Orders in family proceedings - Contact order - Child born following extra marital affair between mother and father

Re H (a child: contact order): CA (Civ Div) (Lord Justice McFarlane, Sir Scott Baker): 27 February 2012

The mother and her husband (H) had been unable to have a child because H had had a vasectomy. They had reached an informal agreement with the respondent father for artificial insemination.

No true attempt had been made at conception, but what in fact occurred had been a sexual relationship between the mother and the father, which had ultimately led to the conception of a child. By the time the child was born, the mother and H had reconciled their relationship, and the father initially had a number of contact visits with the child. The contact however broke down and stopped.
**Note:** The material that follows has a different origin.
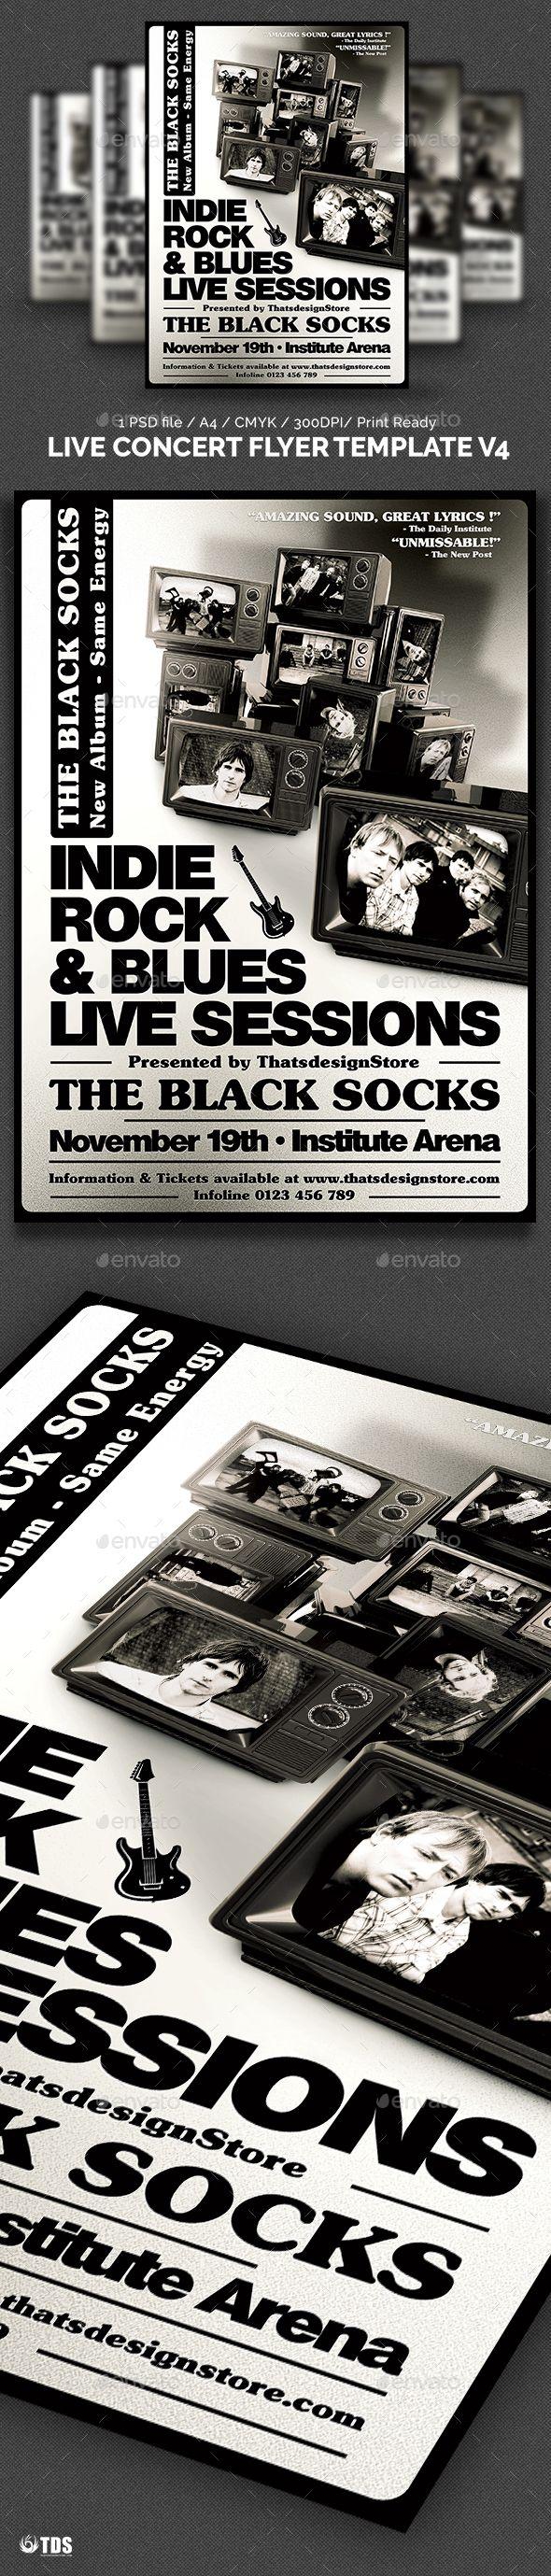 Live Concert Flyer Template V4 | Concert flyer, Flyer template and ...

The father applied, inter alia, for contact. The district judge, in light of the reconciliation of the mother and H, had placed priority upon maintaining the stability of that relationship. He had felt that any contact with the father and the child would have been incompatible with that stability, and he therefore dismissed the application for contact. The father appealed that decision. The circuit judge found that the district judge’s process and order had been erroneous on the ground that he had placed too much emphasis upon the potential for upset to the family unit if the father had contact with the child. He therefore allowed the appeal and directed contact with a phased introduction of the child to his father. The mother appealed. The issue for determination was whether the circuit judge had erred in allowing the appeal. The appeal would be allowed.

A ground for concern in the district judge’s approach had been the prominence that he had given to the potential for upset to the family unit of the mother, H and the child that might have been occasioned if the father were to have had any ongoing contact. While the circuit judge had been entitled to allow the appeal from the district judge’s decision on that ground, the circuit judge had fallen into the same error that he had discerned with the district judge’s judgment.

It was one thing for the circuit judge to have considered that the district judge had been erroneous in the process adopted and to have set his conclusion aside, but it had been a completely different matter to impose a different conclusion without himself having gone through a full evaluation process.

Nowhere in the circuit judge’s judgment had a process been undertaken of evaluating where the child’s interests lay. Accordingly, the circuit judge had also fallen into the trap of not carefully evaluating the child’s interests (see [13], [16], [23] of the judgment). The appeal would accordingly be allowed and the matter remitted for a fresh determination of the father’s application for contact (see [25] of the judgment).

Carmel Bryan for the mother; the father appeared in person.